Al régimen iraní no le gustan los hazaras porque en las últimas dos décadas siguen a sus propios ayatolas: Mohaqiq Kabuli, ya muerto, e Ishaq Fayad, que vive en Irak y es amigo del ayatola Sistani, con el que el papa Francisco se acaba de entrevistar el pasado mes de marzo, y algún otro más. Ninguno de ellos se comprometió nunca en política ni estudió en Irán. Puede parecer que eso carece de importancia, pero la tiene, porque ninguno de esos líderes es partidario del sistema iraní que le otorga el poder absoluto al ayatola Jamenei tras la muerte de Jomeini. Esto es totalmente inaceptable para los ayatolas iraníes, que dicen que estos líderes “mongoles” son todos unos “narices chatas”. Lo que empeora todavía más la situación es que estos ayatolas hazaras tienen unas ideas muy progresistas en relación con las mujeres, reconocen que pueden desempeñar puestos en la sociedad, lo que es totalmente inaceptable para otros líderes sunitas y chiitas, y para un país como Irán en el que las mujeres no pueden entrar en los estadios para ver por ejemplo un partido de fútbol.
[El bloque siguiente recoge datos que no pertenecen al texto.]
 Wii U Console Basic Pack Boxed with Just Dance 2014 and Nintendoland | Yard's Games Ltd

Según el Ministerio de Justicia de Afganistán, de los 72 partidos políticos legalizados, 28 llevan en sus siglas las palabras “islam”, “musulmán” o “Alá”, lo que no quiere decir que los demás no sean también religiosos, además de ser casi siempre partidos de base étnica. La mayoría nacieron en la época de la lucha contra los soviéticos, y son satélites de Egipto, Arabia Saudí, Pakistán, Turquía o Irán. De los cuatro partidos apadrinados por Irán, solo uno es hazara (Partido para la Defensa del Islam en Afganistán, presidido por el mulá Mohammad Akbari). Las relaciones entre Irán y Afganistán son muy complicadas, porque, al contrario que en el resto de Oriente Medio, Irán no tiene claro a quién apoyar, y si debe ser chiita o sunita. Lo que importa es quién gobierna, y si gobiernan los pastunes, aunque no son chiitas, ahora la alianza es válida.
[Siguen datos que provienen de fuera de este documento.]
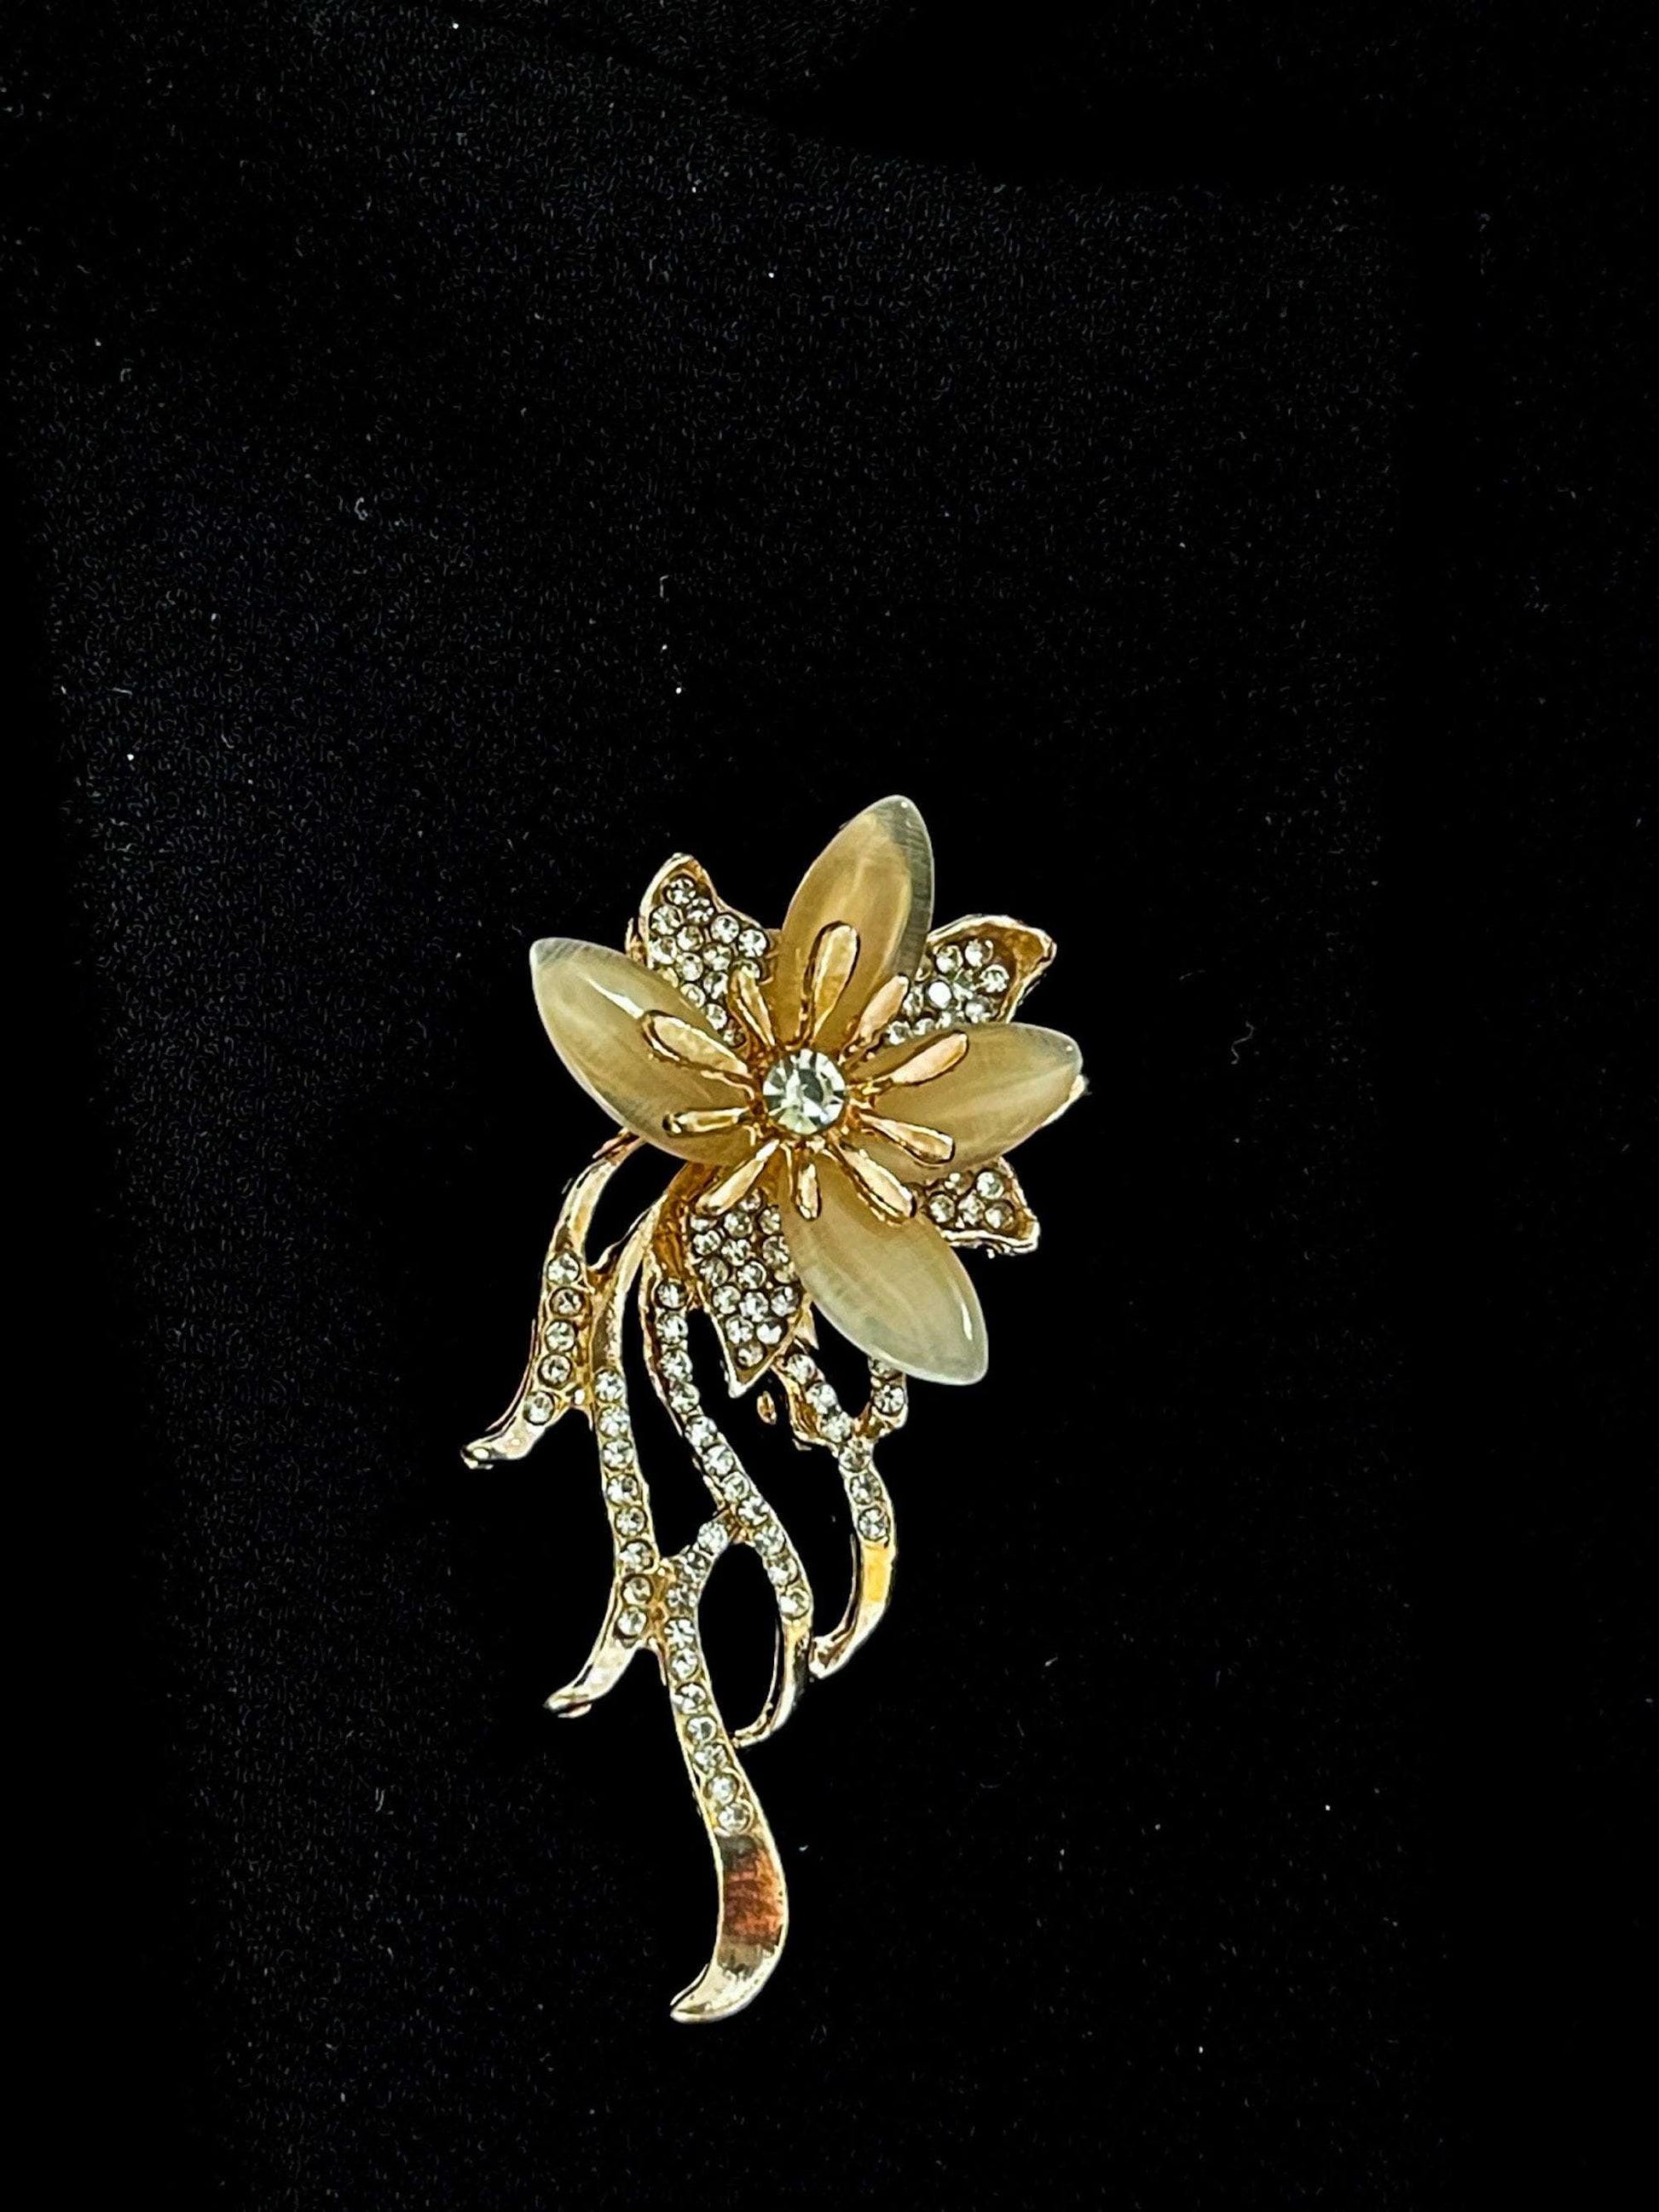 Gold Opal Flower Brooch with Crystals, Fashion Brooch, Elegant Jewellery, Crystal Flower Pin, Brooches for Women,

Para sorpresa de todos los think tanks y de los grandes medios de comunicación, la muerte del jefe de la Guardia Revolucionaria iraní causada por un dron norteamericano en Irak en enero de 2019, puso de manifiesto de un modo muy claro estas relaciones. Los políticos pastunes afganos condenaron rotundamente el asesinato de Soleimani. El presidente Karzai, el ministro de asuntos exteriores y el primer ministro y antiguo director del servicio secreto, así como el vicepresidente del país, que curiosamente es un hazara, fueron los que más vehementemente condenaron esta acción militar.

Se dice que los hazara son ignorantes y supersticiosos, pero curiosamente tras la caída de los talibanes en todas las provincias hazaras disminuyó radicalmente el número de madrasas, que fueron sustituidas por escuelas públicas, muchas veces formadas por una simple tienda o a la sombra de un árbol. En esas provincias, la educación de las niñas se hizo universal, y según el informe de Asian Foundation de 2019, el 92,3 % de los hazara consideran que las mujeres tienen pleno derecho a la educación, lo que supone el porcentaje más alto del país. Pero según el informe de la ONU del 14 de abril de 2021, en estos últimos tres meses el nivel de violencia contra este pueblo creció el 29 %, al conocerse la retirada de todas las tropas occidentales, lo que supone abandonar a este pueblo en manos del Isis, los talibanes y demás grupos terroristas. Aunque los hazara intenten organizarse para resistir, tienen muy poco acceso a las armas porque las entregaron cumpliendo el acuerdo de desarme del 2003, al contrario que otros grupos, que ahora se están rearmando con gran facilidad. Por ello quedarán totalmente inermes.